The single motion containing the dual relief of reargument and stay (#252.00) contains the following claim: “Argent also moves for a stay of enforcement of the Order pending appeal.” The court is treating this portion of motion (#252.00) as a Motion for Stay of Execution. The court is required to issue a written decision on all motions for stay of execution. P.B. § 6-1, P.B. § 64-1(a)(1). The standards that this court is applying on the defendant’s motion for stay of execution are set forth in Griffin Hospital v. Commission on Hospitals and Health Care, 196 Conn. 451, 456 (1985). There are four factors that the court must consider in a decision on a stay. The first factor is “the likelihood that the appellant will prevail.” Id. 456.
The proceeding before this court involves a PJR order entered by this court after a ten-day hearing. A Memorandum of Decision was issued on June 1, 2010 (#167.00). Neither party appealed. The last nine months have been spent by this court on post-PJR asset discovery proceedings in conformity with Gen. Stat. § 52-278n. There is no automatic stay of execution in a PJR matter. “No such order shall be stayed by the taking of an appeal except upon the order of the judge who made such order . . .” Gen. Stat. 52-278l(c).
Essentially the defendant’s appeal is taken from a discovery order.
CT Page 10033
An order issued upon a motion for discovery is ordinarily not appealable because it does not constitute a final judgment, at least in civil actions. Chrysler Credit Corp. v. Fairfield Chrysler-Plymouth, Inc., 180 Conn. 223, 226, 429 A.2d 478
(1980); see also Presidential Capital Corp. v.
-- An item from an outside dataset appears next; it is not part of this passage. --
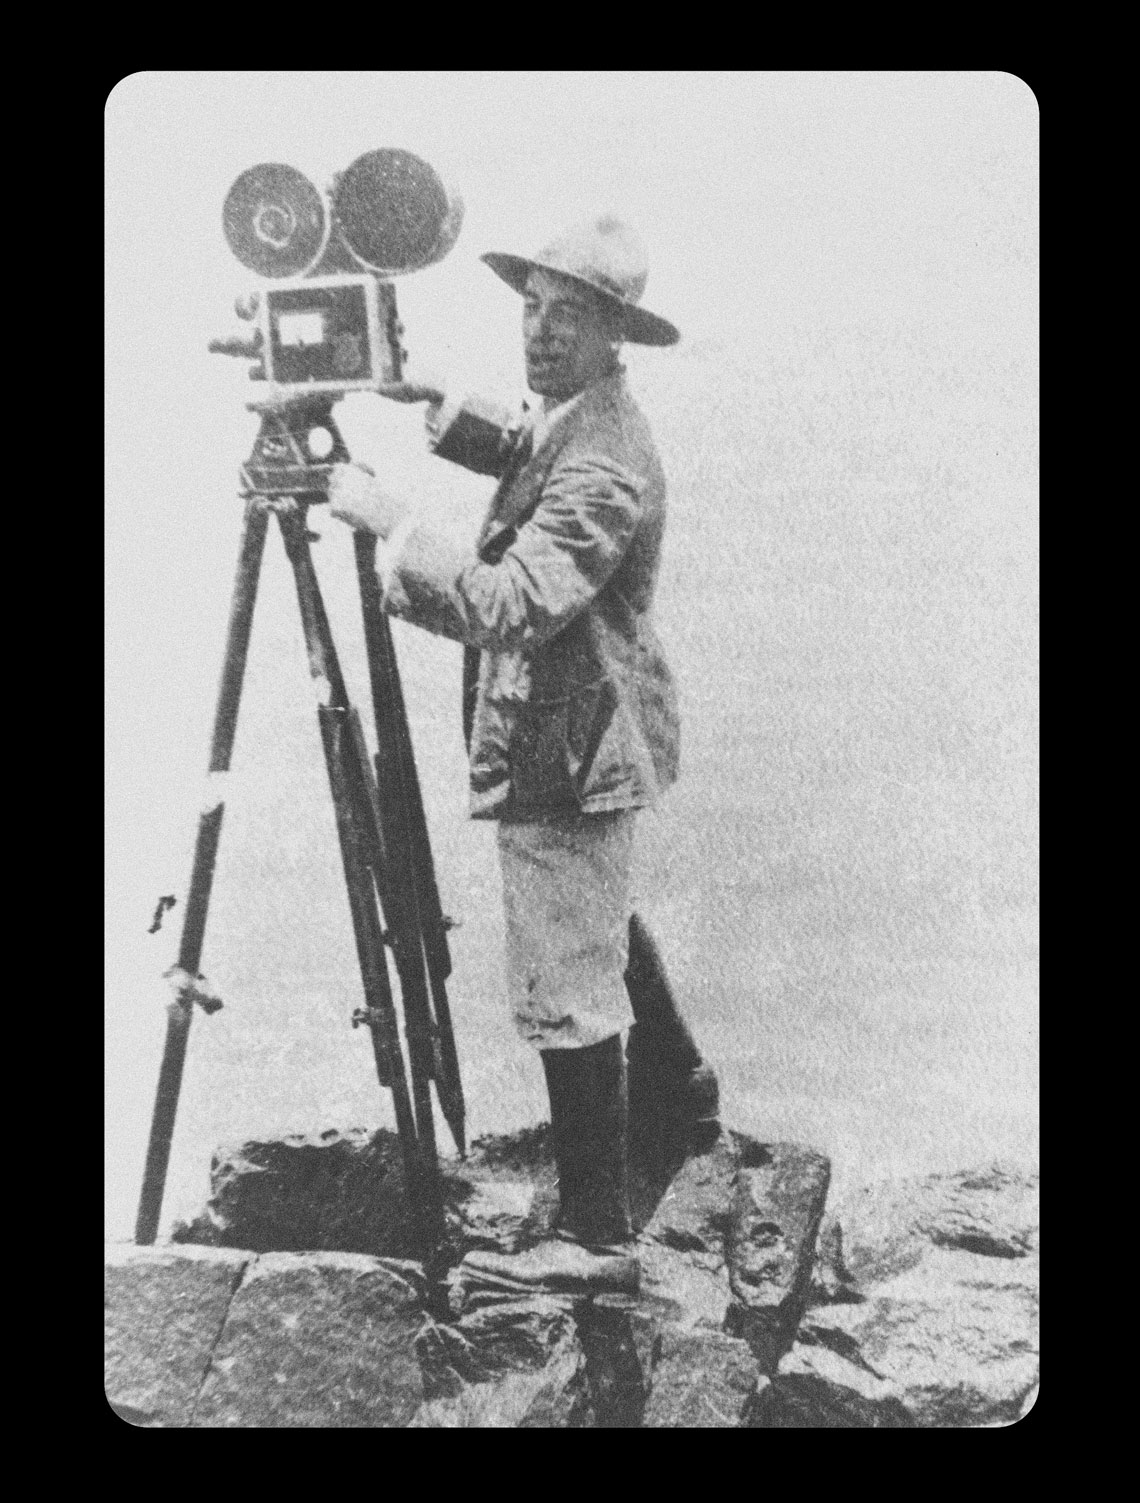 Santos em 1921, no rio Madeira, em Rondônia: estima-se que o cineasta dirigiu mais de 90 filmes, a maioria com imagens da Amazônia
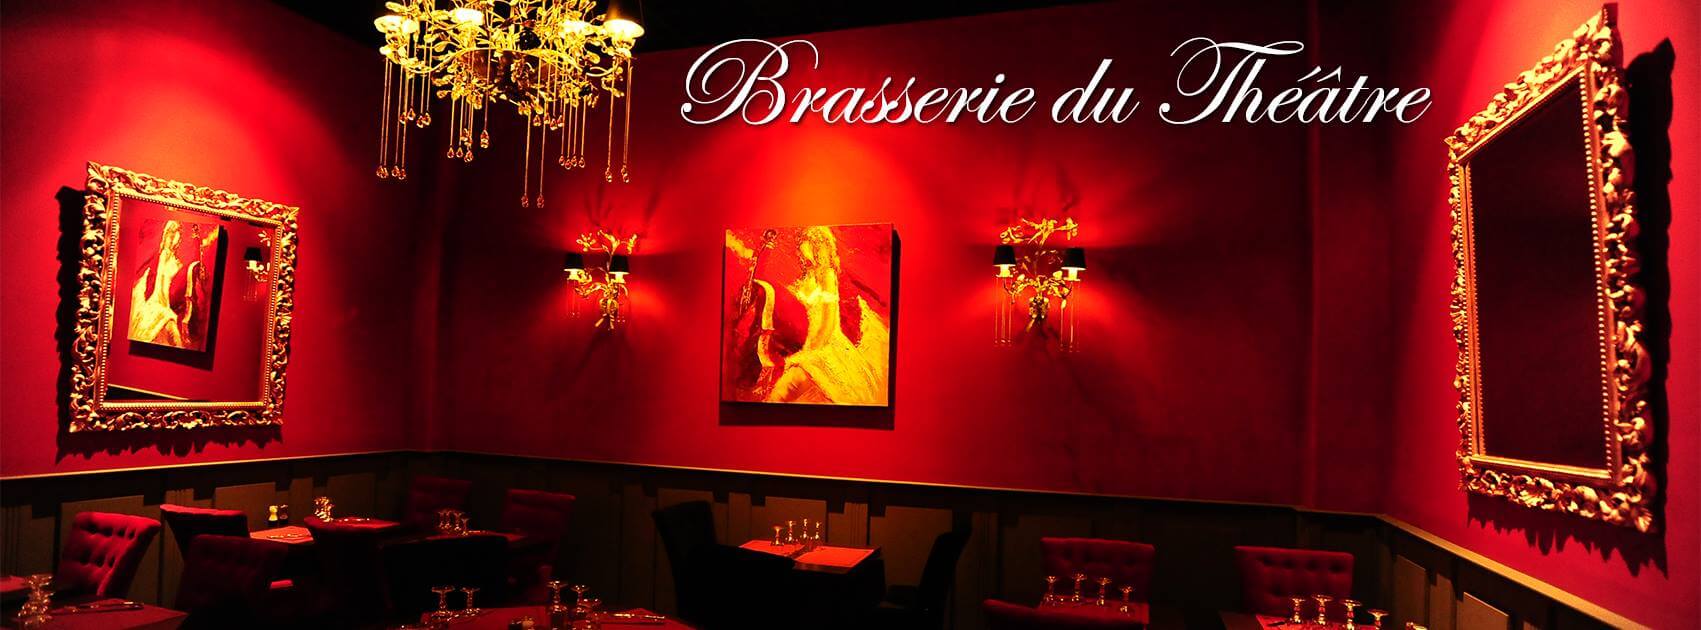 La Brasserie du Theatre restaurant Fort-de-France martinique

Reale, 240 Conn. 623, 625, 692 A.2d 794 (1997) (“[t]he general rule established by our case law is that an interlocutory order requiring a witness to submit to discovery is not a final judgment and, therefore, is not immediately appealable”). “[W]e require that those ordered to comply with discovery be found in contempt of court before we consider an appeal . . .” Barbato v. J. M. Corp., 194 Conn. 245, 249 478 A.2d 1020
(1984).
Although this sanctions order was not itself a discovery order, it was an order for sanctions for failure to comply with the discovery procedure of a deposition. We can perceive no reason or policy why we should treat the sanctions order differently, for purposes of finality of judgment, from the discovery procedure of which it is a part. We, therefore, regard it as governed by the same principles of finality as discovery orders. Accordingly, we conclude that, in order for a deponent to challenge such a sanctions order by a writ of error, it is necessary for him to refuse to comply and be held in contempt therefor.
Green Rock Ridge, Inc. v. Kobernat, 250 Conn. 488, 498 (1999)
“The initial determination of discovery orders does not so conclude the rights of the appealing party that further proceedings cannot affect those rights.” Barbuto v. J. M. Corporation, 194 Conn. 245, 249
(1984).
The court finds that there is no likelihood that the appellant (the defendant) will prevail on appeal. The court denies the Defendant’s Motion for Stay of Execution dated April 4, 2011 (#252.00).